EXERCISE DESCRIPTION - Use the entries below and reproduce exactly the lines from the one containing "Koktejlové šaty Stine" down to the one containing "誰も害虫薄い顔のベルト - 薄い顔のアーチファクトVの顔の包帯マスクの顔のマッサージャー薄いダブルの顎のデバイス", both of them included.

┌─ SUPPLIED RECORDS

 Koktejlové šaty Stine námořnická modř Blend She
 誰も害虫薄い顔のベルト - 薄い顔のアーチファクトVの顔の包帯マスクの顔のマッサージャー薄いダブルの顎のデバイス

└─
┌─ SUPPLIED RECORDS

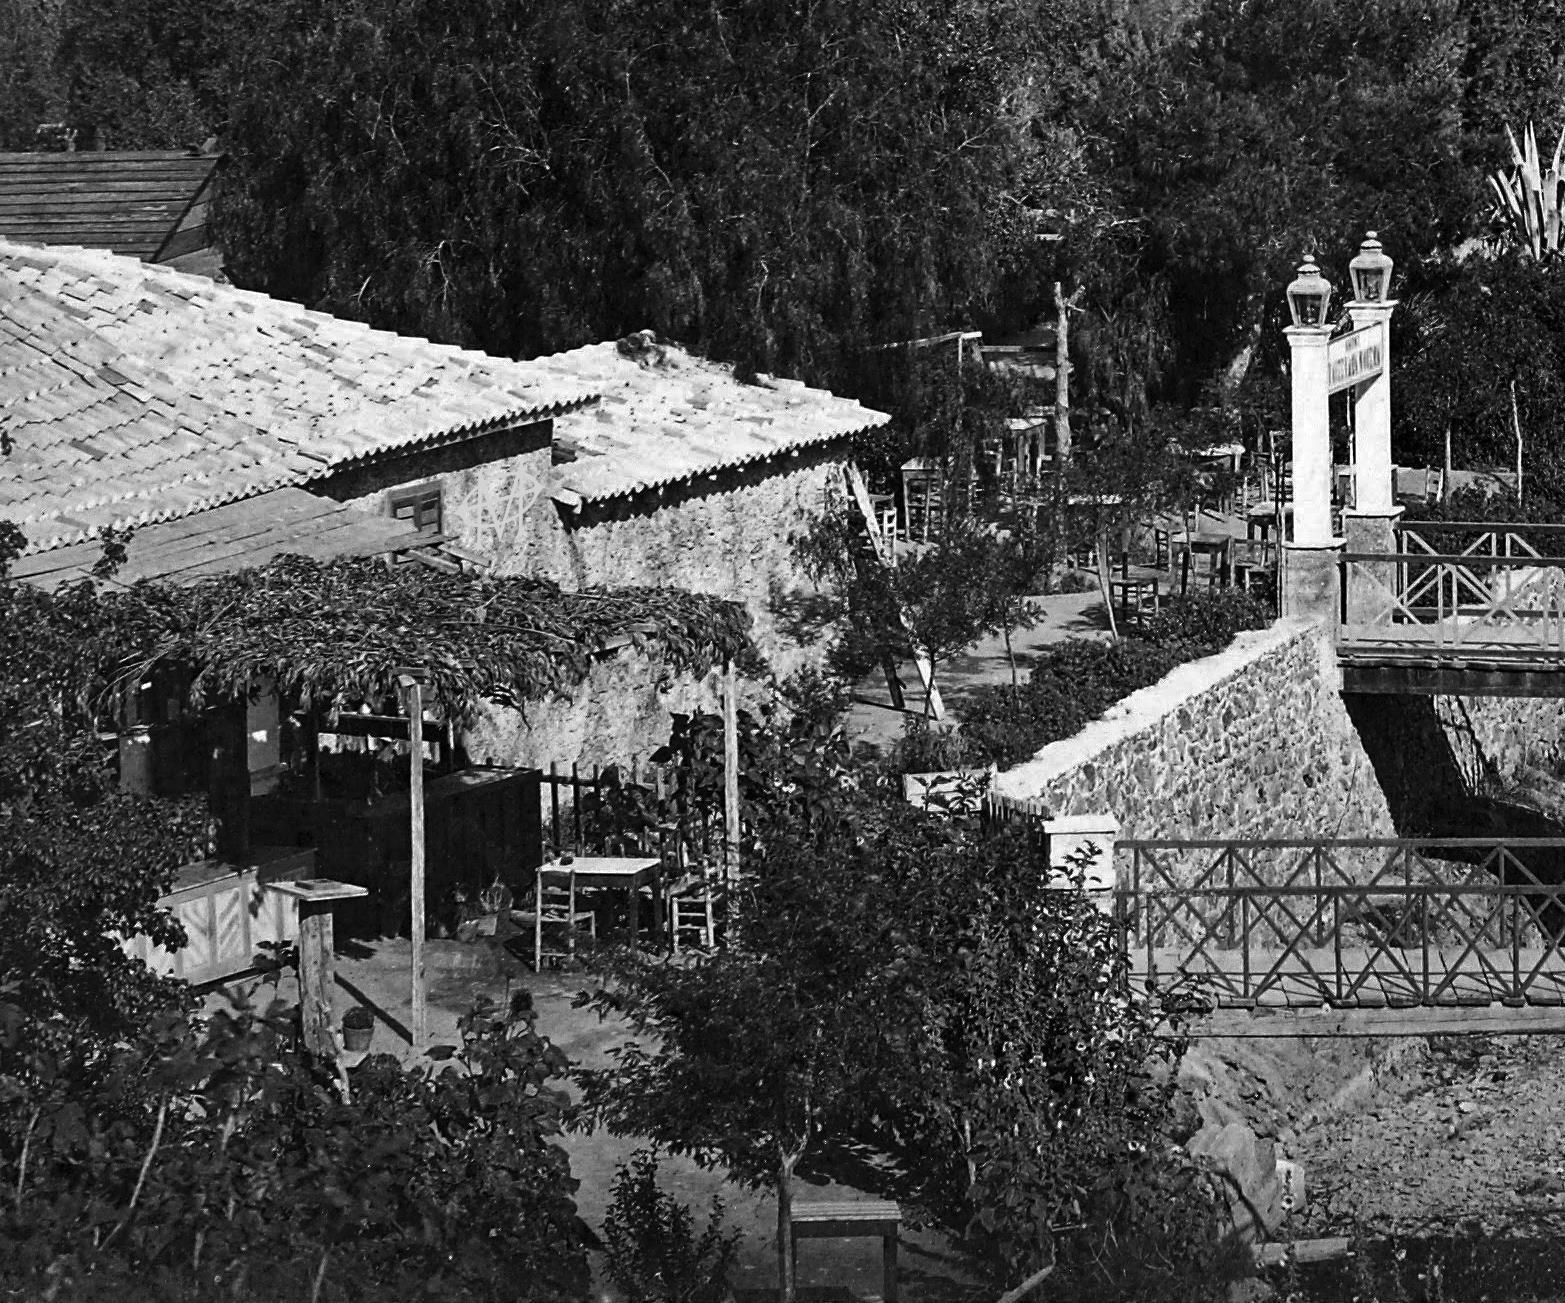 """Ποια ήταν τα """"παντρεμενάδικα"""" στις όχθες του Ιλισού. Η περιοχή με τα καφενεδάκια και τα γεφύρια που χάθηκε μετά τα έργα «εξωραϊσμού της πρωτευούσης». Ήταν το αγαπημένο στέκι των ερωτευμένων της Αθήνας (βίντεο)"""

└─

RESPONSE TO THE TASK -
 Koktejlové šaty Stine námořnická modř Blend She
 誰も害虫薄い顔のベルト - 薄い顔のアーチファクトVの顔の包帯マスクの顔のマッサージャー薄いダブルの顎のデバイス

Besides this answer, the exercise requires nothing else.